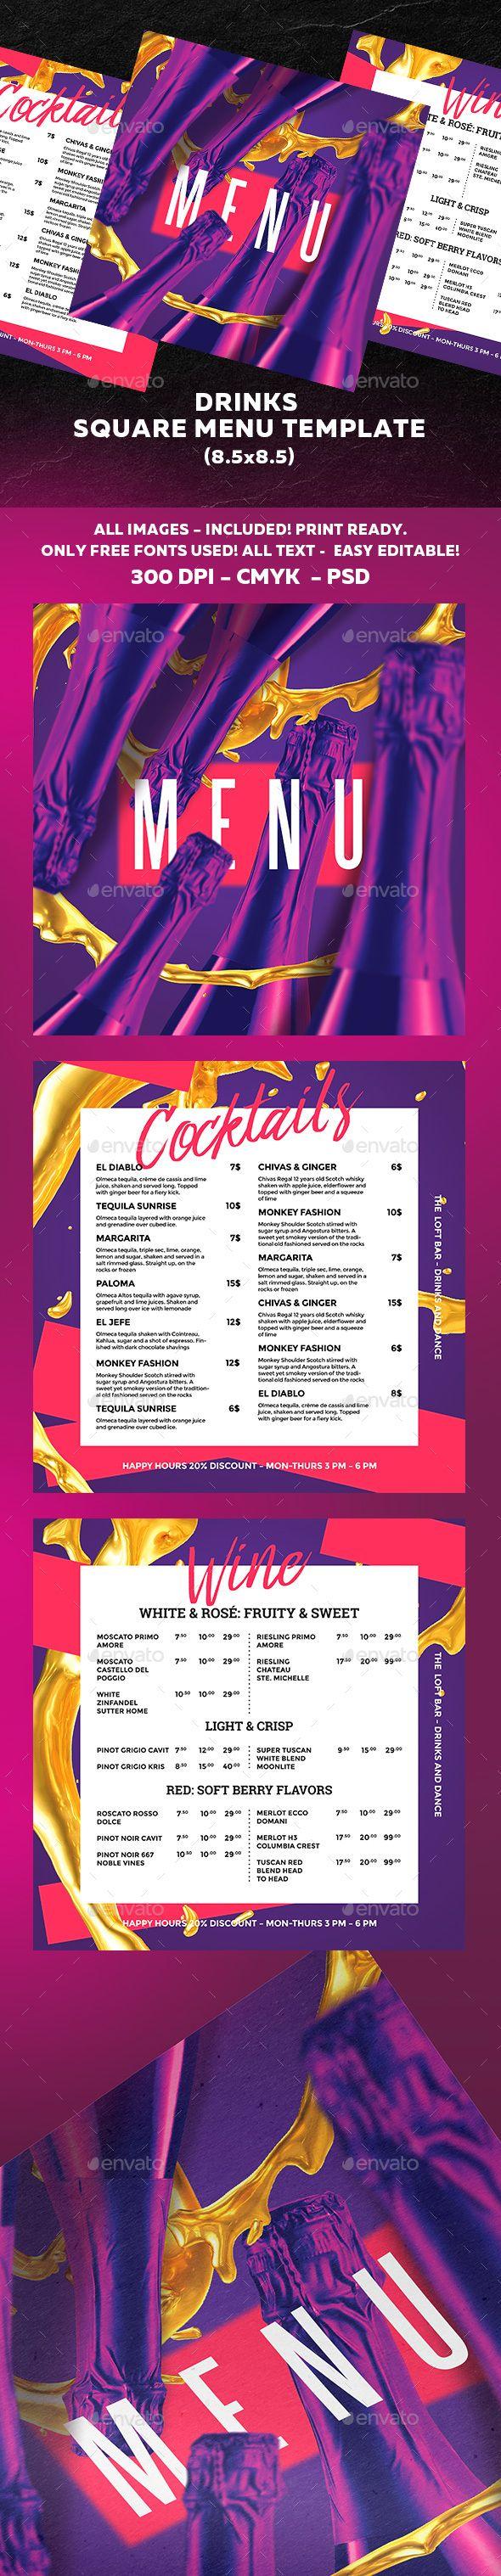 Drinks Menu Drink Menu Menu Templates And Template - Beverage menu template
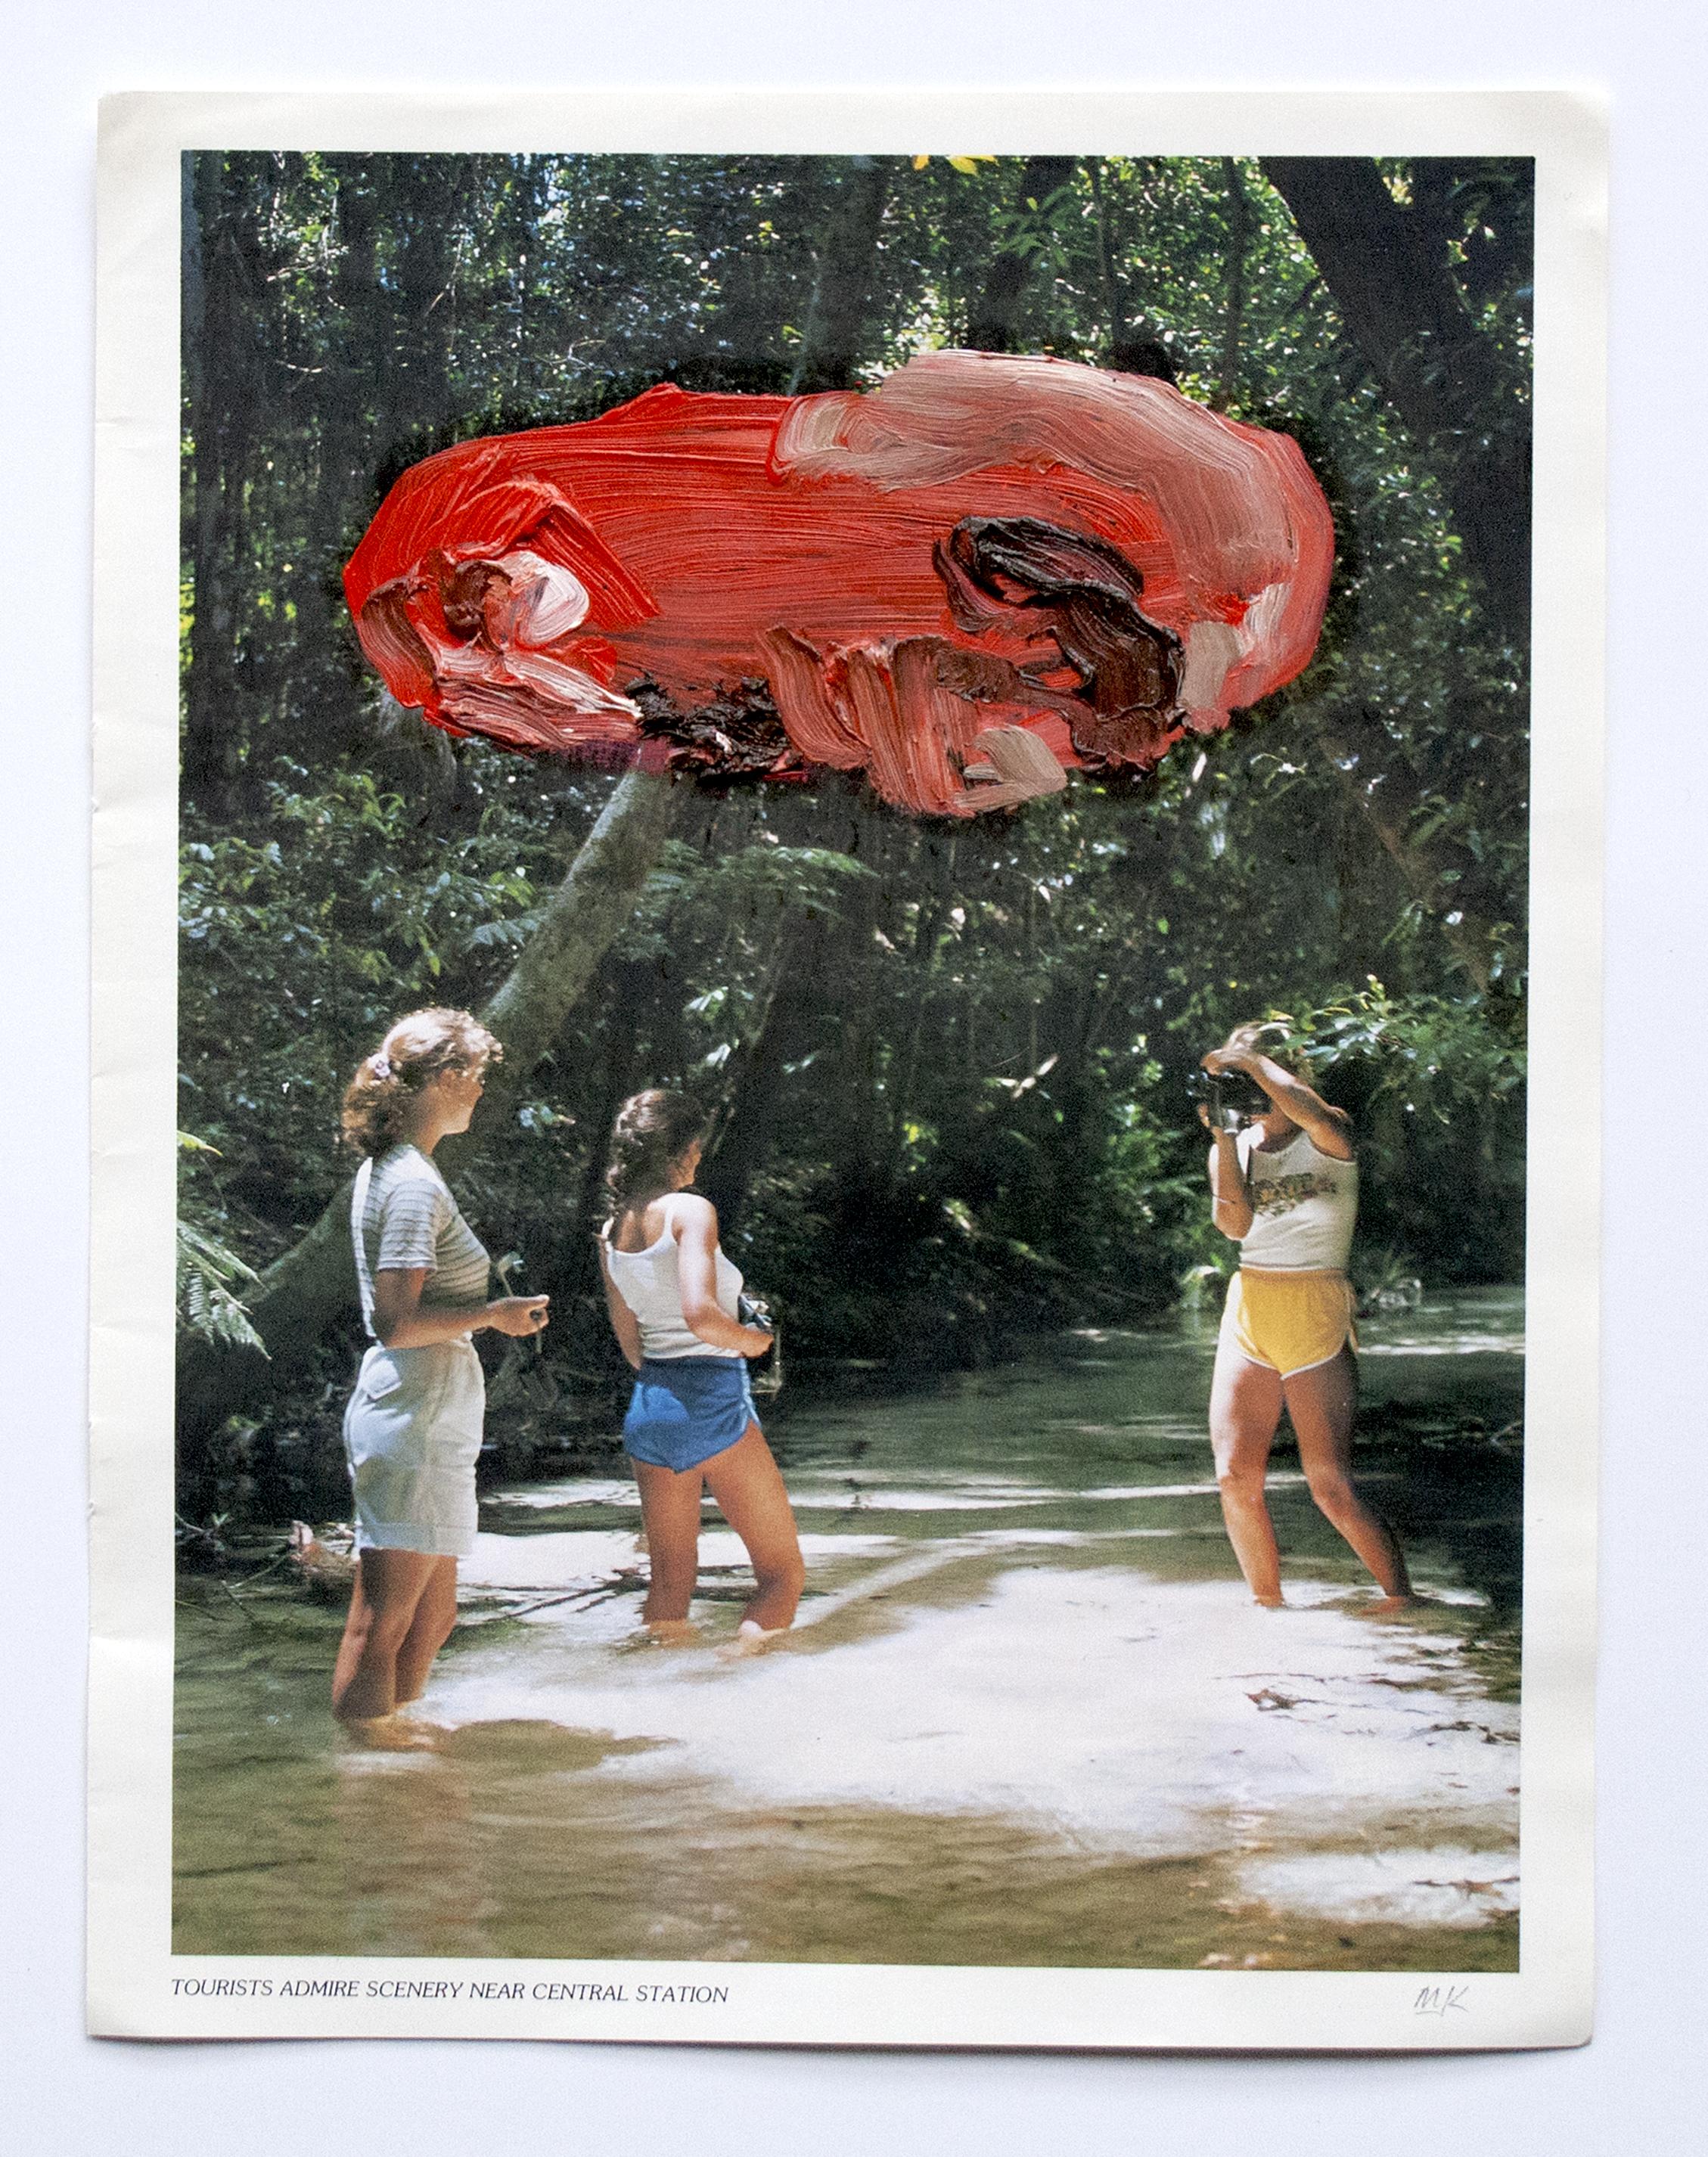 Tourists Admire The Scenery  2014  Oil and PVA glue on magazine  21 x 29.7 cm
-- -- --
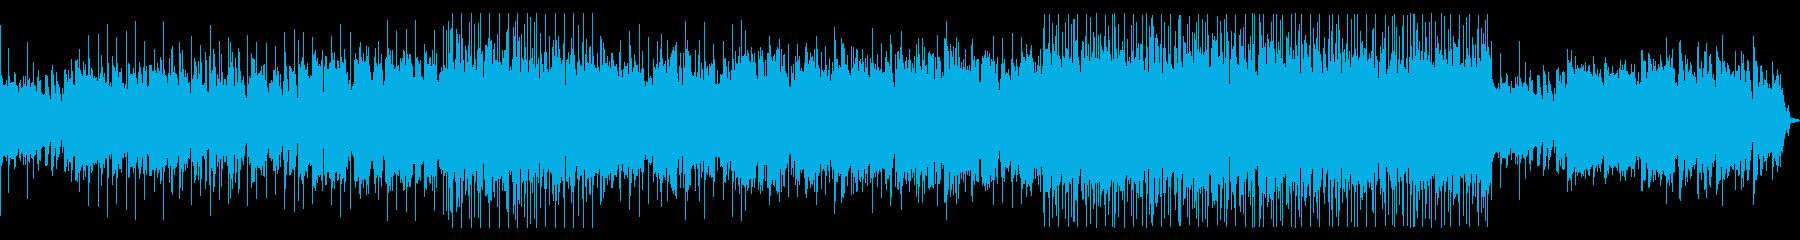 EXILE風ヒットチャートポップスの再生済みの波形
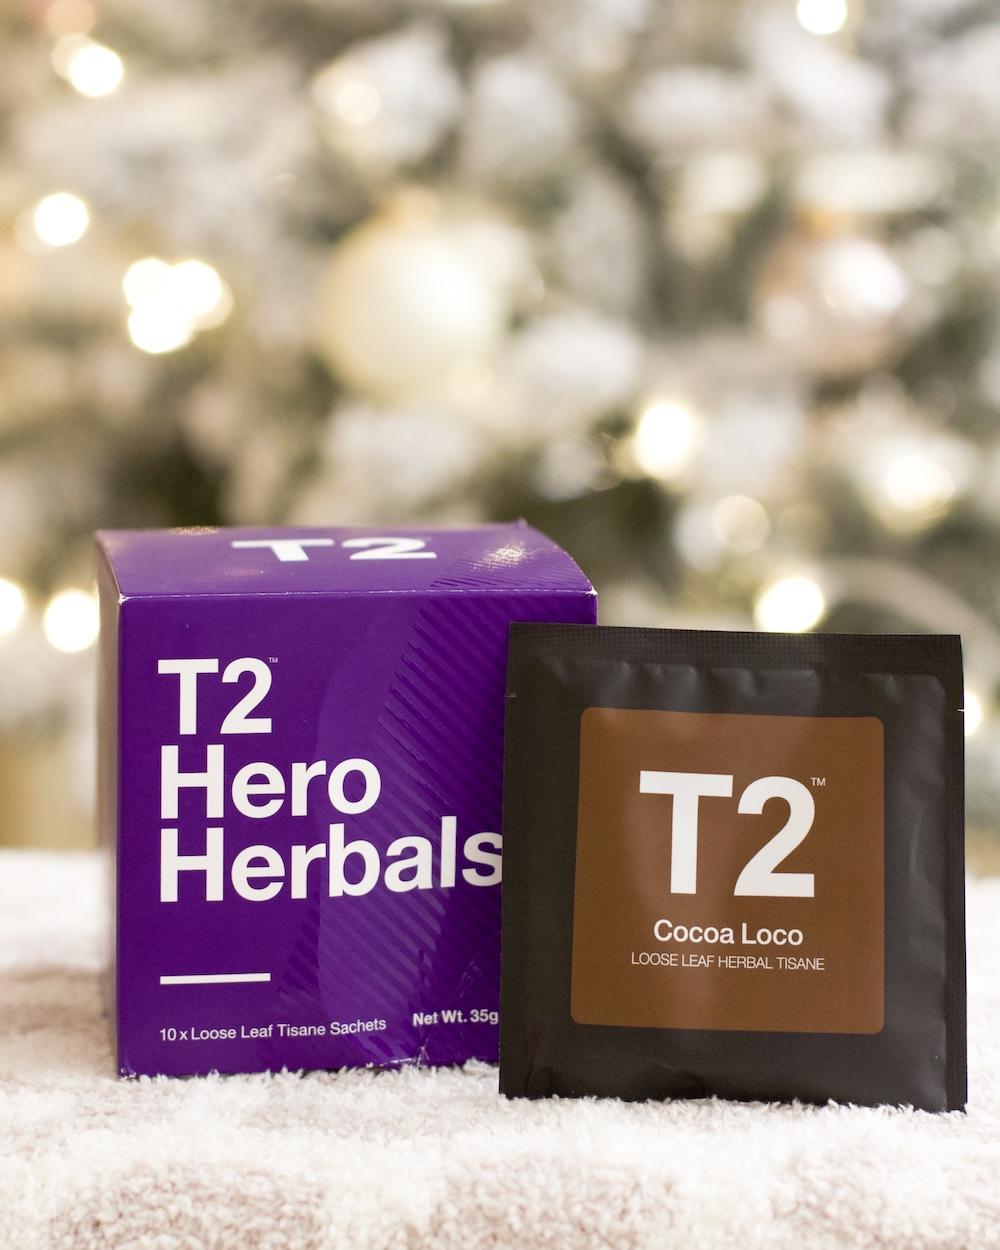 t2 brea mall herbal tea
-- -- --
Both boundary lines included, write out word for word only the lines above from the one containing "EXILE風ヒットチャートポップスの再生済みの波形" to the one containing "t2 brea mall herbal tea", leaving out any pictures.

SOLUTION TO THE PROBLEM:
 EXILE風ヒットチャートポップスの再生済みの波形
 t2 brea mall herbal tea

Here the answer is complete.